Eu excluo algumas definições e junto o que resta das duas.

Entre outros argumentos da doutrina Calvinista, temos:
- Deus estabeleceu dois decretos, um seleccionando o grupo dos salvos, outro o grupo dos perdidos; logo, Jesus não morreu por todos os homens, mas somente pelos que foram predestinados.
- Os que Deus destinou à salvação serão salvos mesmo pecando ou não querendo ser salvos; os que destinou à perdição não serão salvos mesmo aceitando o sacrifício de Jesus, e vivendo uma vida santificada.

“Nele em quem também fomos feitos herança, havendo sido predestinados, conforme o propósito daquele que faz todas as coisas segundo o conselho de Sua vontade.” – Efésios 1:11

A teoria Arminiana baseia-se, entre outros itens:
- O homem é livre para decidir o seu destino, mas é inegável que Deus predestinou todos à salvação, mediante a fé em Jesus Cristo.
- Os salvos podem perder a salvação, se não permanecerem na fé.

“Porque Deus amou o mundo de tal maneira que deu o Seu Filho para que todo o que n’Ele crê não pereça, mas tenha a vida eterna.” – João 3:16

A verdade é que, em Adão (herdeiros do pecado) todos fomos predestinados à morte, mas em Cristo (através da morte redentora) fomos predestinados à salvação.

“Porque, assim como todos morrem em Adão, assim também todos serão vivificados em Cristo.” – I Coríntios 15:22
 
Atenção, Deus não predestinou as pessoas que haveriam de cumprir as condições de salvação. A ideia de pré-escolha para salvação ou condenação é totalmente contrária aos princípios básicos das Escrituras (Calvino), tal como a perda da salvação (Arminius).
Realmente, Deus tem direito e poder para escolher salvar quem Ele quer e por isso pré-determinou salvar todos aqueles que o amam e aceitam fielmente a Cristo.
Se a salvação fosse um decreto, seria justo Deus não decretar que todos fossem salvos? E porque razão Jesus precisava de morrer se Deus já tinha decidido tudo?
A salvação é recebida através da graça; é um dom de Deus obtido por meio da fé.

“Porque pela graça sois salvos, por meio da fé; e isto não vem de vós, é dom de Deus.” – Efésios 2: 8
 
Logo, está implícito que o homem pode, sim, resistir e Deus; também, que Deus é Omnisciente, Ele sabe quem vai ou não salvar-se, quais são as nossas opções de vida, qual a veracidade do nosso coração, mas deixa essa responsabilidade, sempre, à decisão do indivíduo. Realmente, o relacionamento do homem com Deus é interactivo.

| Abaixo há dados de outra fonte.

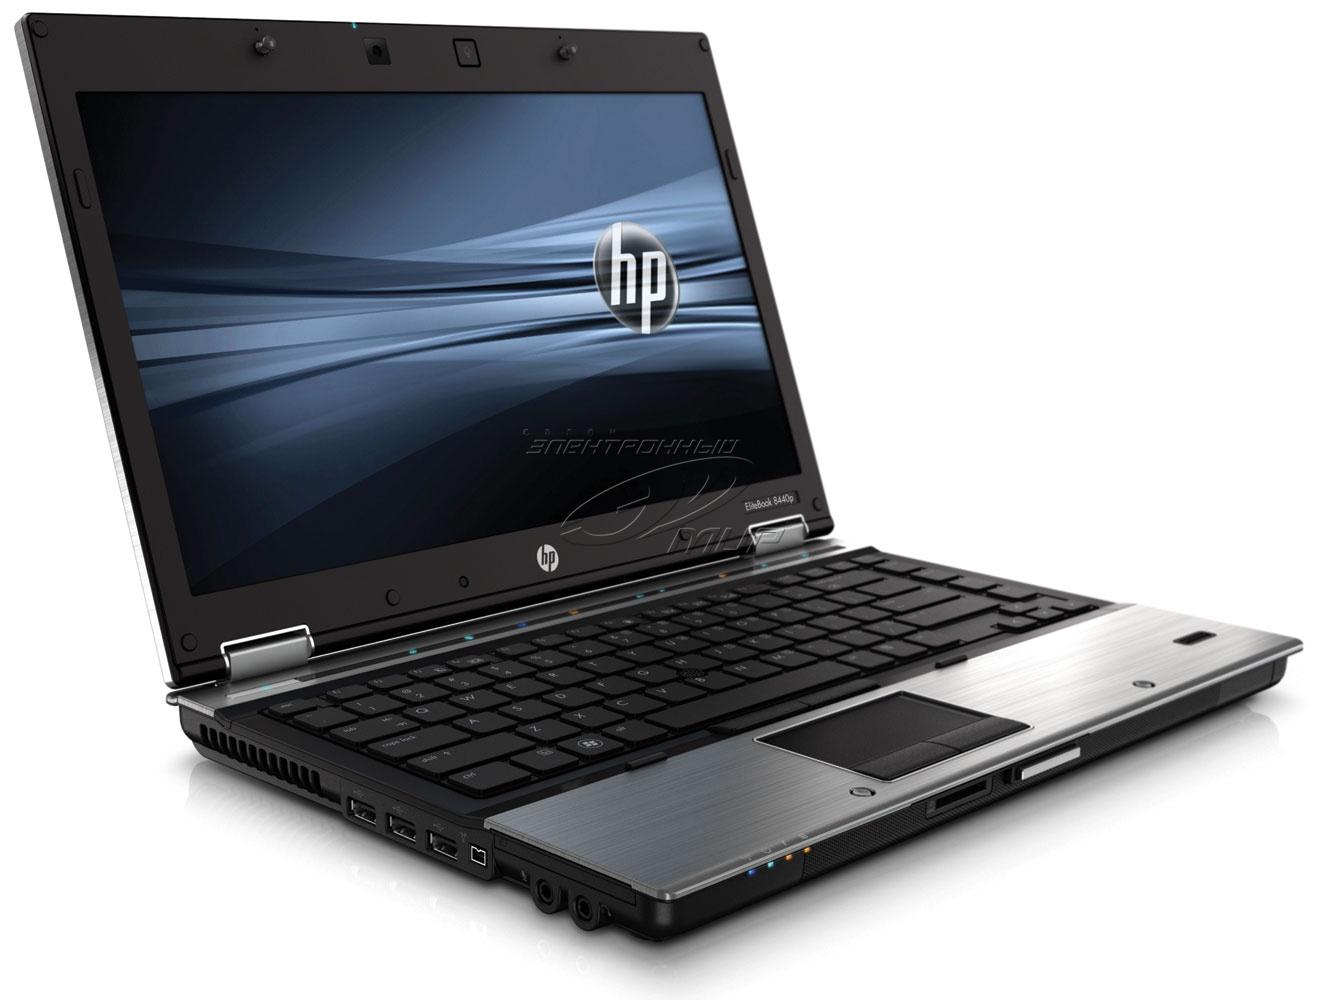 2013 Sticker Logo Intel Core I3 I5 I7 Xeon Vpro Sandy Ivy Pc Laptop Blue Silver Black

Deus predestinou todos à salvação - A realização é centralizada no
homem
                           ↓                                                           
      Vontade Soberana de Deus           ←→           Livre arbítrio

Conta-se que alguém teve o seguinte sonho.

Um caminhante ia pela vida quando lhe chamou a atenção uma porta com um dístico que dizia: “Entra se quiseres!”.
Escolheu entrar. Empurrou a porta e, quando se virou para a fechar, reparou que no lado de dentro, um outro dístico dizia: “Entraste porque eu deixei!”.


É assim mesmo, nós decidimos o lado em que queremos estar, mas é Deus quem nos convence do pecado e é através de Cristo que nos é dada a possibilidade de entrada numa nova vida.
Nós seremos sempre devedores porque a salvação é uma escolha e não um mérito nosso. Deus na dignidade da Sua soberania, nunca nega aquilo que prometeu.